Assignment: The material below contains a line with "クラウドワークスプロジェクト形式" and a line with "Pokrowiec Ektorp na". Copy exactly those two lines and all lines between them.

Excerpted data:
---*---
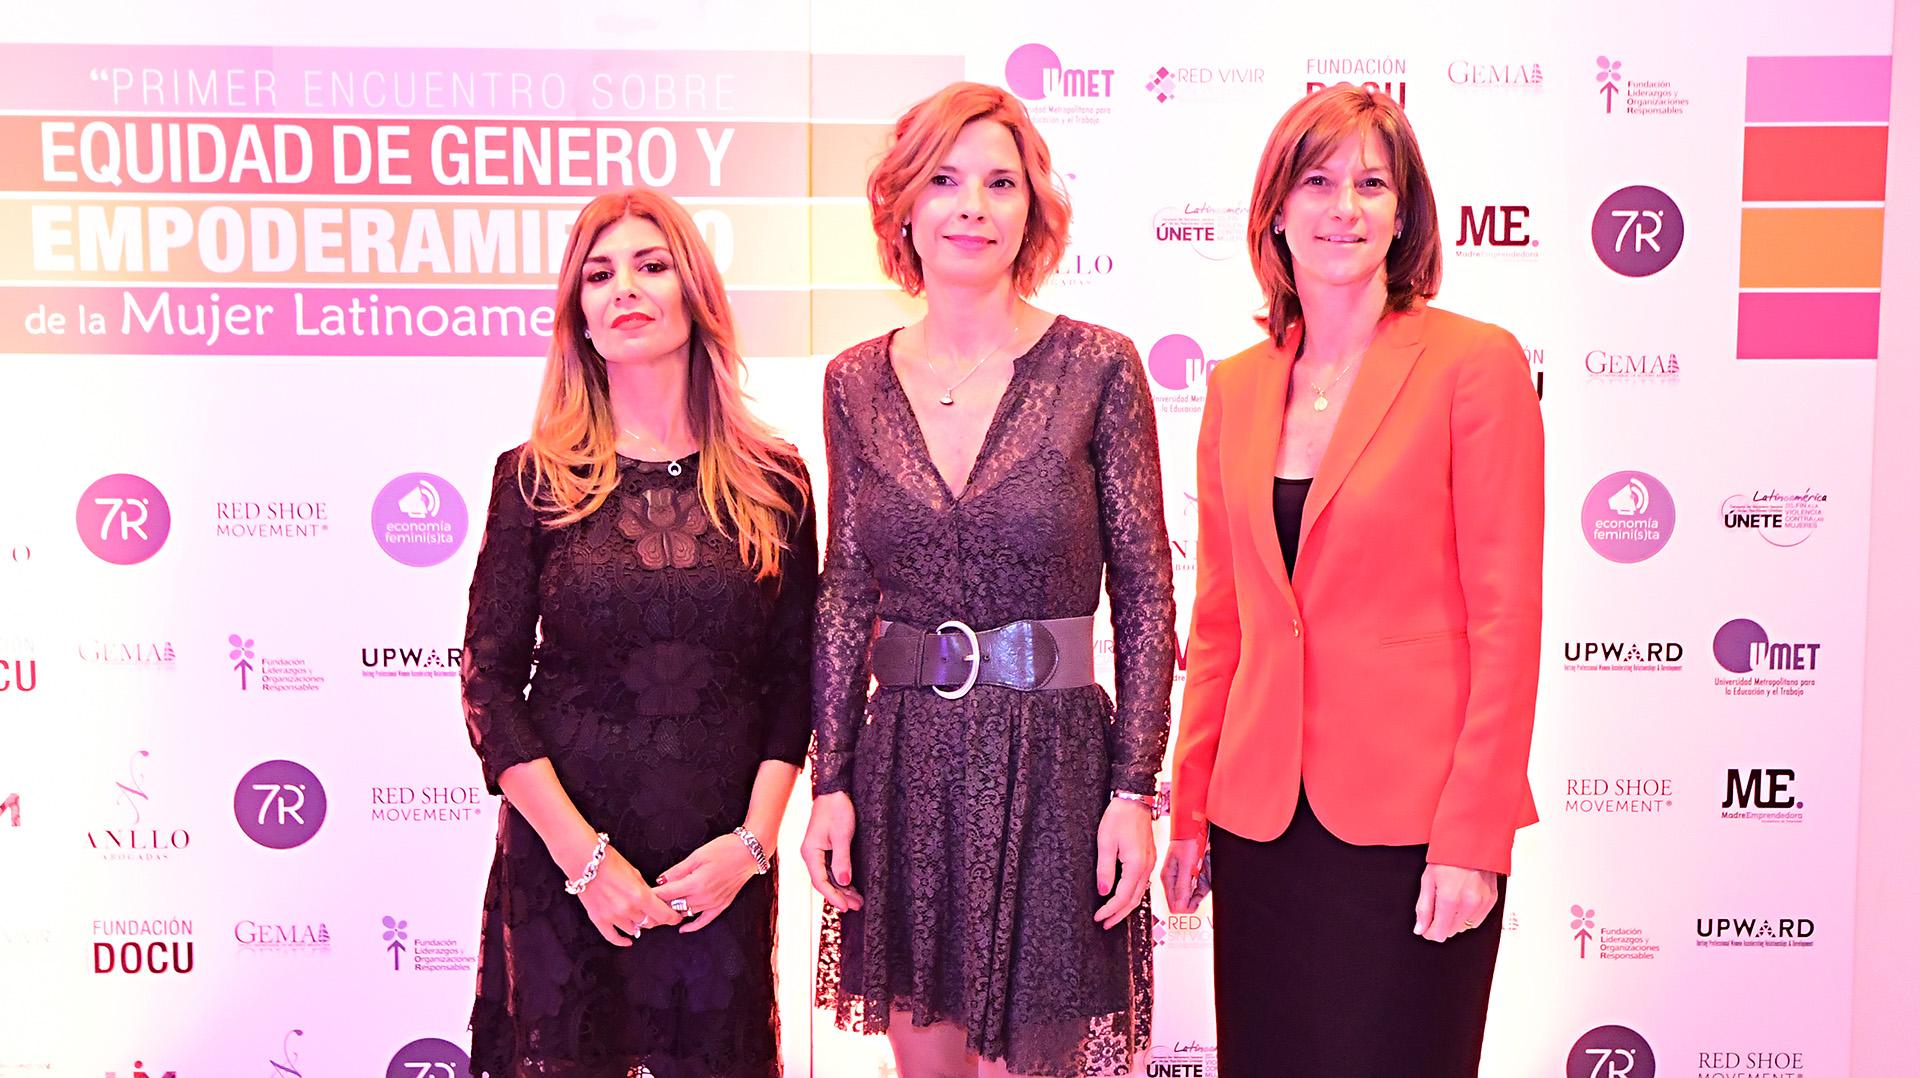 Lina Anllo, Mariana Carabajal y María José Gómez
---*---
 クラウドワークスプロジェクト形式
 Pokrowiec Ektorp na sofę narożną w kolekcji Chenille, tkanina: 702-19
---*---
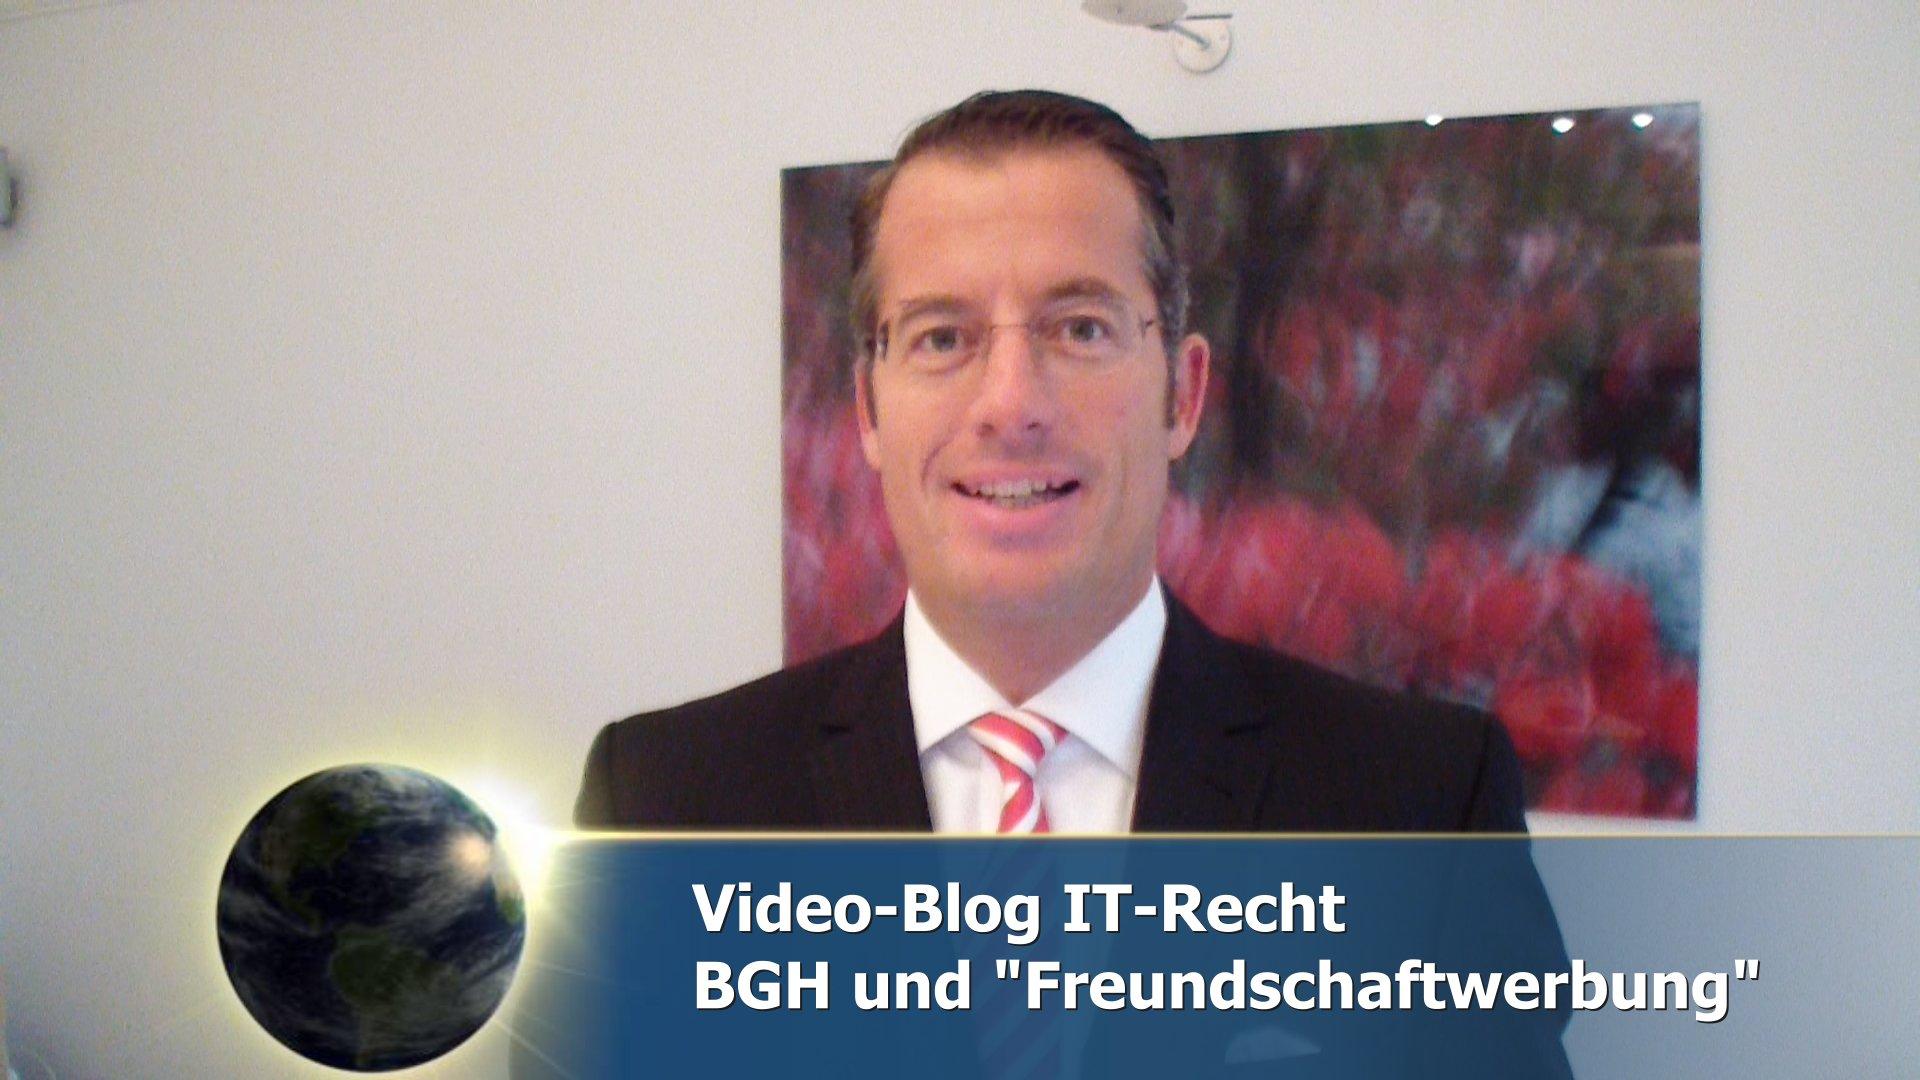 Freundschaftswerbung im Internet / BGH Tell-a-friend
---*---
Answer area:
 クラウドワークスプロジェクト形式
 Pokrowiec Ektorp na sofę narożną w kolekcji Chenille, tkanina: 702-19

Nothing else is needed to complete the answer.